An additional challenge for the core, Weinstein said, will be to develop tools that can be easily used by experimental biologists involved in the consortium who don’t have intensive bioinformatics training. On that score, he said the consortium is considering conducting workshops that will provide training on how to use the tools.
The computational core also plans to develop a centralized database to store and integrate project data in a format that consortium members can make sense of no matter what tool was used to collect the experimental data, Weinstein said.
The planned database will be different from repositories like the Protein Structure Initiative’s Structural Biology Knowledgebase in the sense that “the same people who create the tools for dissemination and disseminate the data are the people who collect the data” he said.
“I could put my data in [PSI]; it’s a very useful tool,” Weinstein acquiesced. “What is different is [the consortium's database] is created for people who work together and who refine the database all the time as they work.”
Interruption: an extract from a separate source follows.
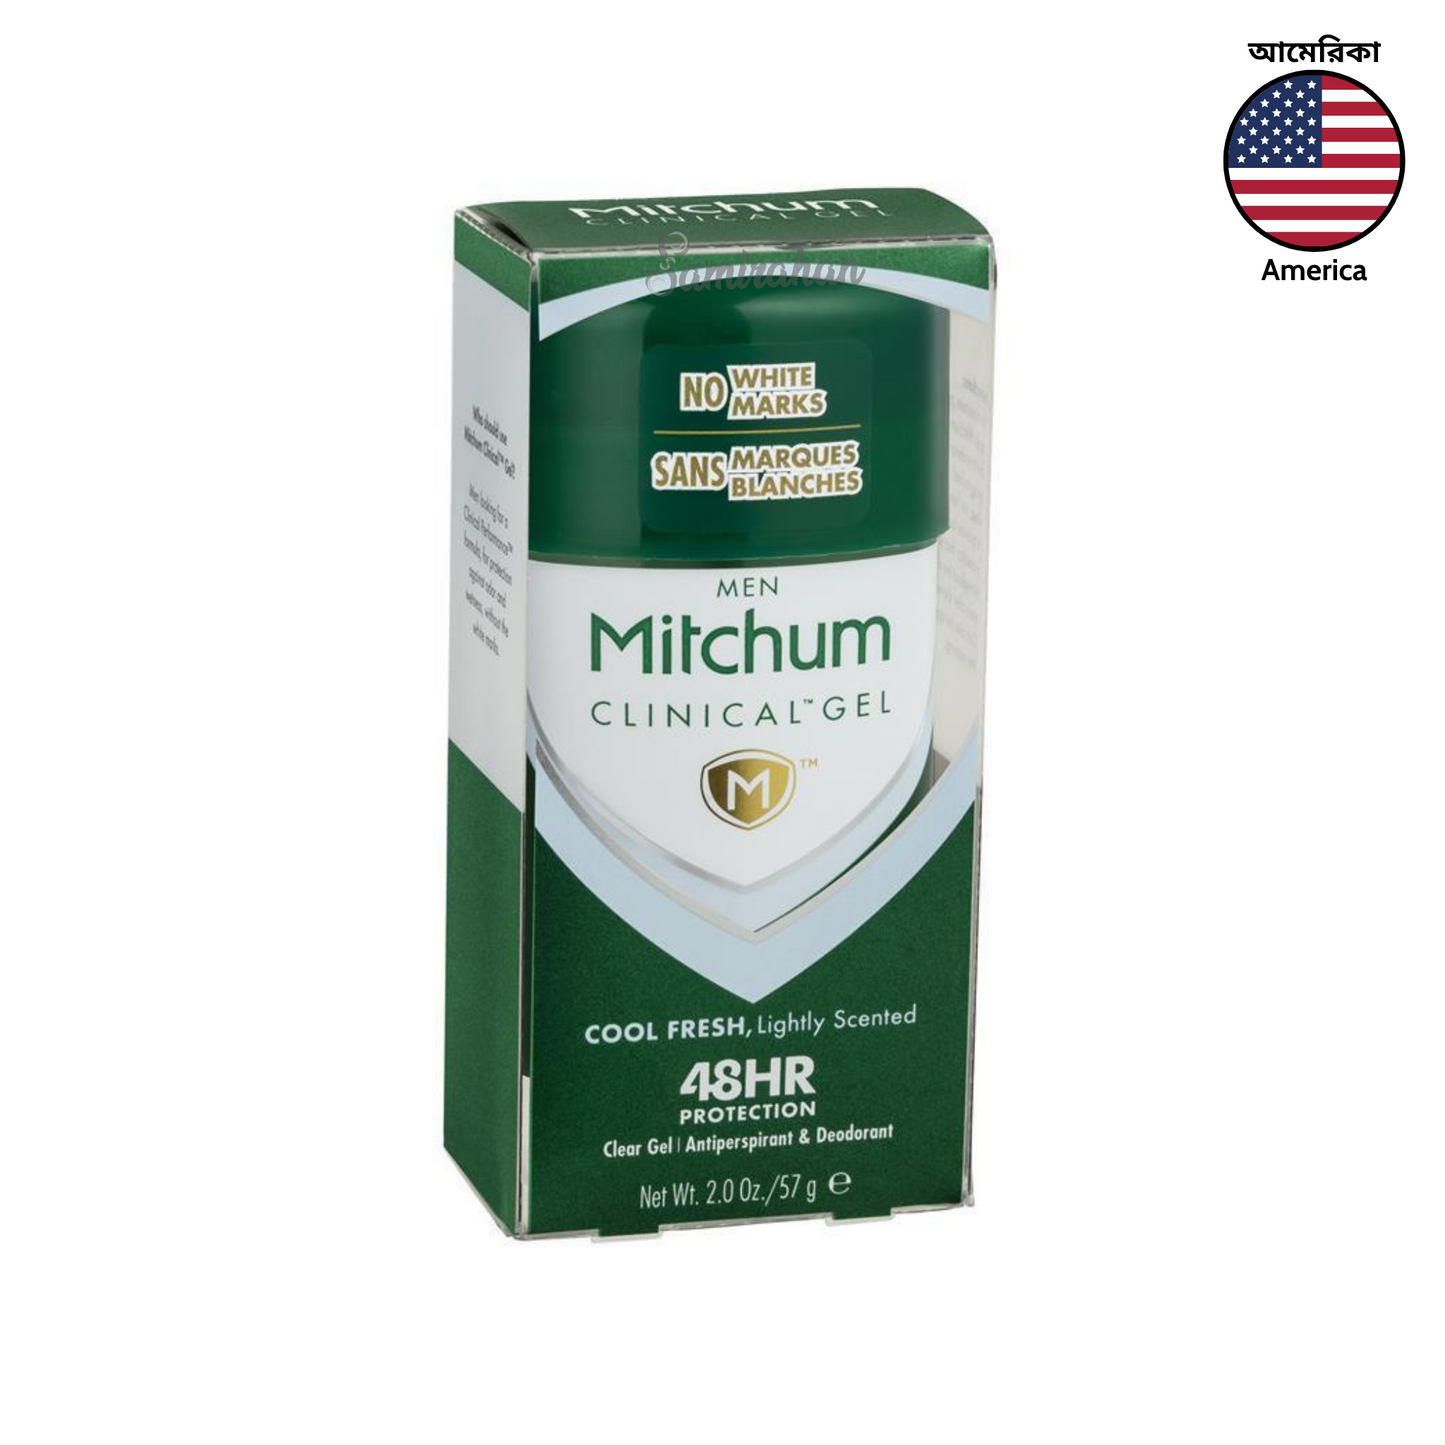 Mitchum For Men Clinical Gel Deodorant provides reliable protection from sweat & odor, keeping you dry & comfortable up to 48 hours. Best imported foreign authentic genuine real original Australian American USA premium brand quality luxury men's male bf boyfriend husband gift idea price in Dhaka Chittagong Bangladesh.

The PSI knowledgebase is a product of the Protein Structure Initiative launched by NIGMS in 1999 with the long-term goal of making it easy to obtain three-dimensional atomic-level structures of proteins by looking at their DNA sequences.
Filling the Gap
Computational core member Ivet Bahar, a professor of computational biology at the University of Pittsburgh, told BioInform that her team plans to use “elastic network models” to analyze membrane proteins without compromising the resolution.
She said that although her models, developed over a decade ago, have been used to study other molecules, reworking these tools to work for membrane proteins is a greater challenge because they have to take into account the membrane as well as how the protein interacts with the membrane, among other things.
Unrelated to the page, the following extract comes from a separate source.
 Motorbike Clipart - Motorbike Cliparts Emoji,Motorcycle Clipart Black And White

Membrane proteins, along with the lipid and water molecules that surround and interact with them, create large complex systems that are difficult to model, explained Bahar.
“My lab simplifies the analysis of such complex systems by using simplified models … [that] help us understand the mechanisms [and] the machinery of [the] biological processes,” she said.
According to Bahar, the models her team develops “approximate” proteins and other biomolecules as “elastic materials” such as beads and elastic springs, which provides insights into which structures are the most “energetically favorable” for different functions.